Required work
Could you retype exactly the lines below between the one holding "Valarte miroir, 65 cm, gris mat" and the one holding "Amazon Com Sonic", inclusive, leaving out any pictures?

Listed records
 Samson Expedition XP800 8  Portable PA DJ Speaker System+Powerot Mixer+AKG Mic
--
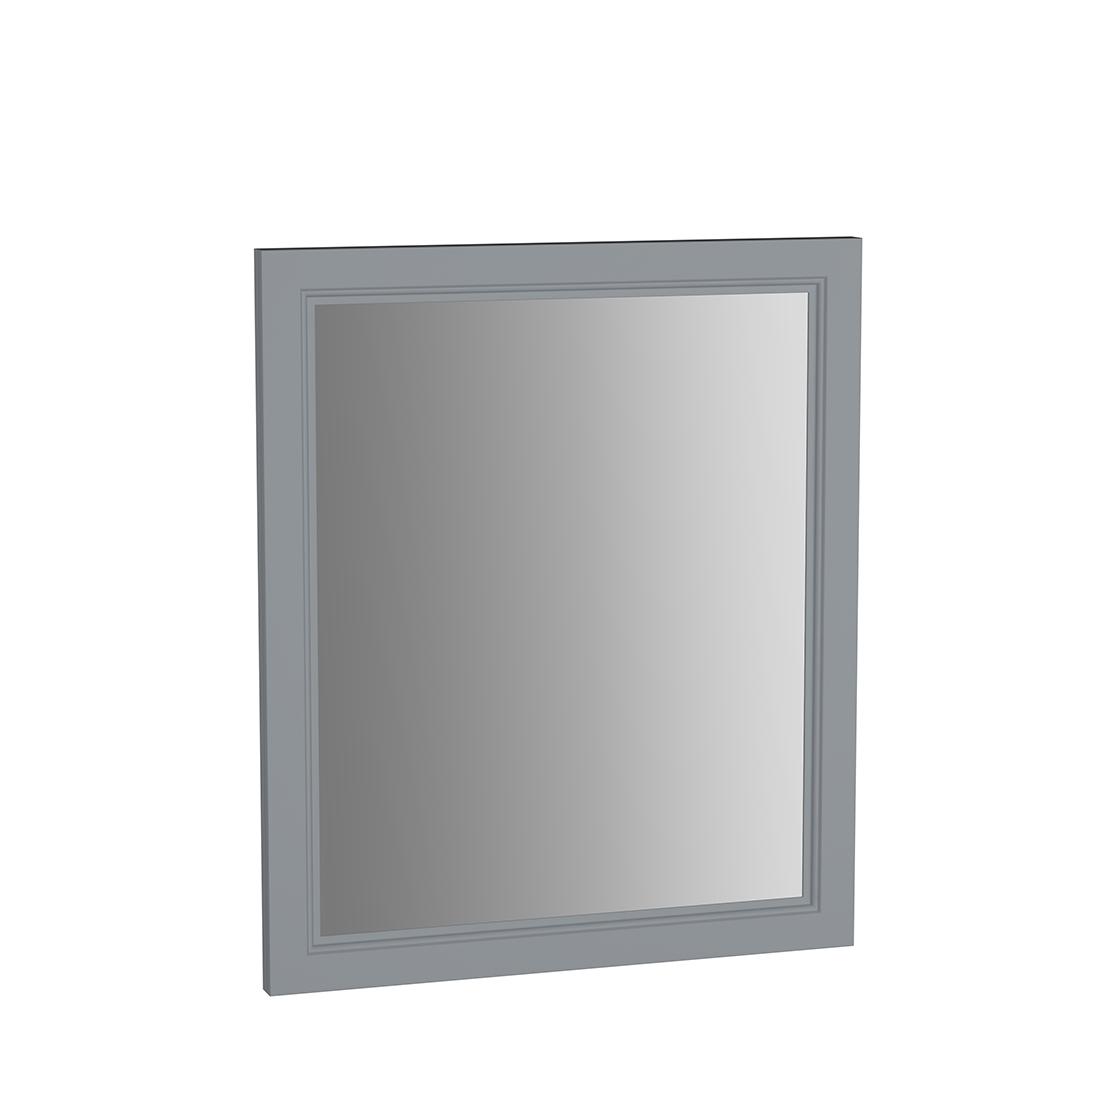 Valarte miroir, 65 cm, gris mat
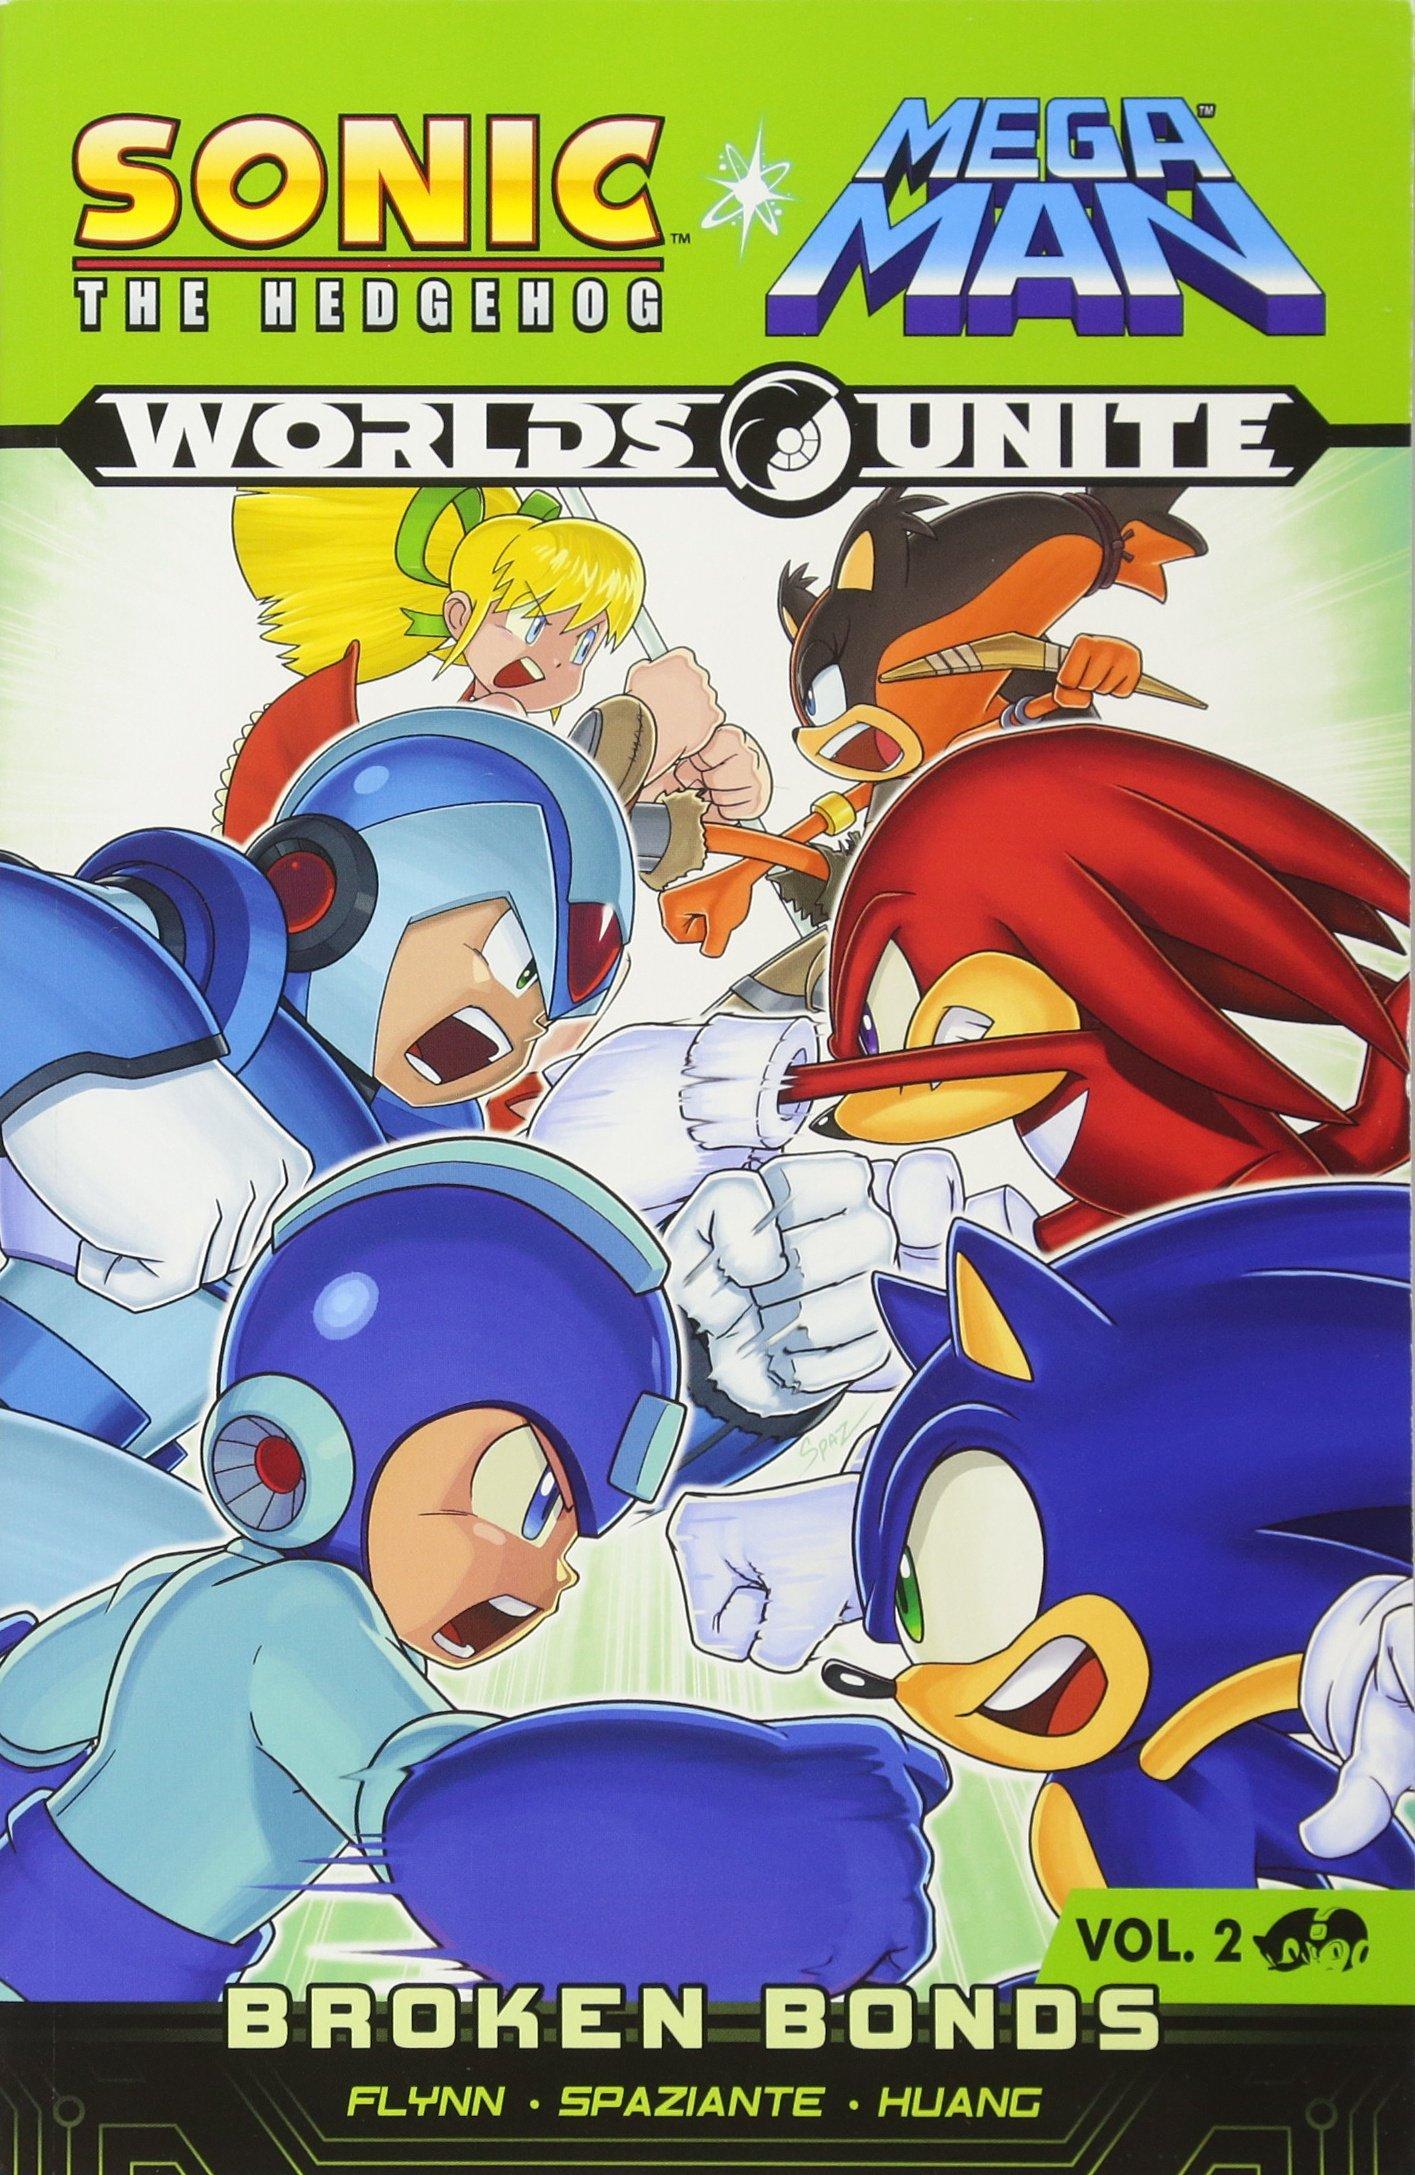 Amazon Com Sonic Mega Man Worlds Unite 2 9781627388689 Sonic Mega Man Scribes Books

Exercise response
 Valarte miroir, 65 cm, gris mat
 Amazon Com Sonic Mega Man Worlds Unite 2 9781627388689 Sonic Mega Man Scribes Books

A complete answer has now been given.